## Assignment Summary

**File Used: token_info_onchain_divers_v2.csv (~700MB)**

**Libraries Compared: Pandas, Dask, Modin (Ray)**

**Schema validated using YAML**

**Output written as pipe-separated .gz file**

**Final Output Size: ~202 MB**

**Successfully handled file ingestion, transformation, and export using scalable methods**

## ✅ Step 1: Mount Google Drive

In [None]:
from google.colab import drive
drive.mount('/content/drive')

Drive already mounted at /content/drive; to attempt to forcibly remount, call drive.mount("/content/drive", force_remount=True).
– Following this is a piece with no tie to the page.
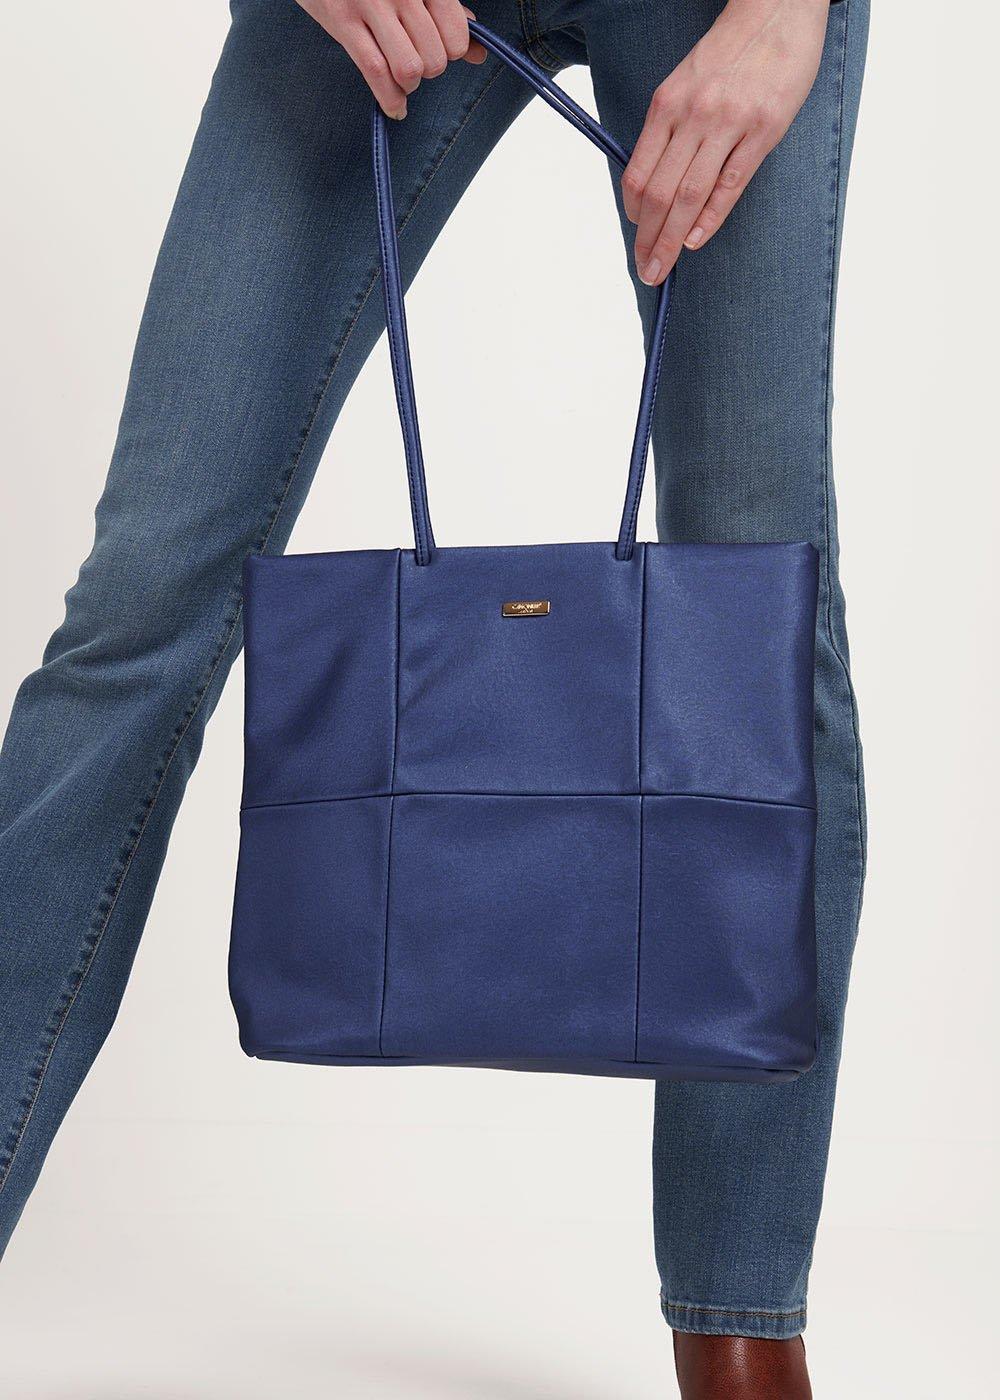 Badel shopping bag with long handle

## ⏱️ Step 2: Install Required Libraries

In [None]:
!pip install modin[ray] -q
!pip install pyyaml -q

## ⏱️ Step 3: Imports and Setup

In [None]:
import pandas as pd
import dask.dataframe as dd
import modin.pandas as mpd
import ray
import time
import yaml
import os

## Step 4: Initialize Ray

In [None]:
ray.shutdown()
ray.init(ignore_reinit_error = True)

2025-05-18 17:27:55,972	INFO worker.py:1888 -- Started a local Ray instance.


0,1
Python version:,3.11.12
Ray version:,2.46.0


## 📁 Step 5: Set File Path

In [None]:
file_path = '/content/drive/MyDrive/archive/token_info_onchain_divers_v2.csv'
print("✅ File exists:", os.path.exists(file_path))

✅ File exists: True


## Step 6: Clean Column Name Function

In [None]:
def clean_column_names(df):
    df.columns = df.columns.str.strip().str.replace(r'[^\w]', '_', regex = True)
    return df

## 🔹 Step 7: Read with Pandas

In [None]:
start = time.time()
df_pandas = pd.read_csv(file_path)
df_pandas = clean_column_names(df_pandas)
end = time.time()
print(f"✅ Pandas load time: {end - start:.2f} seconds")

✅ Pandas load time: 25.17 seconds


## 🔹 Step 8: Read with Dask

In [None]:
start = time.time()
df_dask = dd.read_csv(file_path, assume_missing=True)
df_dask = df_dask.rename(columns=lambda x: x.strip().replace(' ', '_').replace('-', '_'))
df_dask_head = df_dask.head()  # Trigger read
end = time.time()
print(f"✅ Dask load time: {end - start:.2f} seconds")

✅ Dask load time: 7.22 seconds


## 🔹 Step 9: Read with Modin + Ray

In [None]:
start = time.time()
df_modin = mpd.read_csv(file_path)
df_modin = clean_column_names(df_modin)
end = time.time()
print(f"✅ Modin (Ray) load time: {end - start:.2f} seconds")

✅ Modin (Ray) load time: 31.29 seconds


## Step 10: YAML Schema Creation from Pandas DF

In [None]:
schema = {'separator' : ',',
          'columns' : list(df_pandas.columns)}

In [None]:
yaml_path = '/content/schema.yaml'

with open(yaml_path, 'w') as f:
  yaml.dump(schema, f)

print("✅ YAML schema saved.")

✅ YAML schema saved.


## Step 11 : Validate Columns

In [None]:
with open(yaml_path) as f:
    loaded_schema = yaml.safe_load(f)

In [None]:
if df_pandas.shape[1] == len(loaded_schema['columns']) and list(df_pandas.columns) == loaded_schema['columns']:
    print("✅ Schema validation passed.")
else:
    print("❌ Schema validation failed.")

✅ Schema validation passed.


## Step 12 : Export to Pipe-Separated gzipped File

In [None]:
output_path = '/content/drive/MyDrive/archive/processed_output.txt.gz'

df_pandas.to_csv(output_path, sep='|', index=False, compression='gzip')
print(f"✅ File written to {output_path}")

✅ File written to /content/drive/MyDrive/archive/processed_output.txt.gz


## Step 13 : File Summary

In [None]:
output_size = os.path.getsize(output_path) / (1024 * 1024)

print(f"📊 Summary:")
print(f"- Rows: {df_pandas.shape[0]}")
print(f"- Columns: {df_pandas.shape[1]}")
print(f"- Output file size: {output_size:.2f} MB")

📊 Summary:
- Rows: 1168712
- Columns: 22
- Output file size: 202.56 MB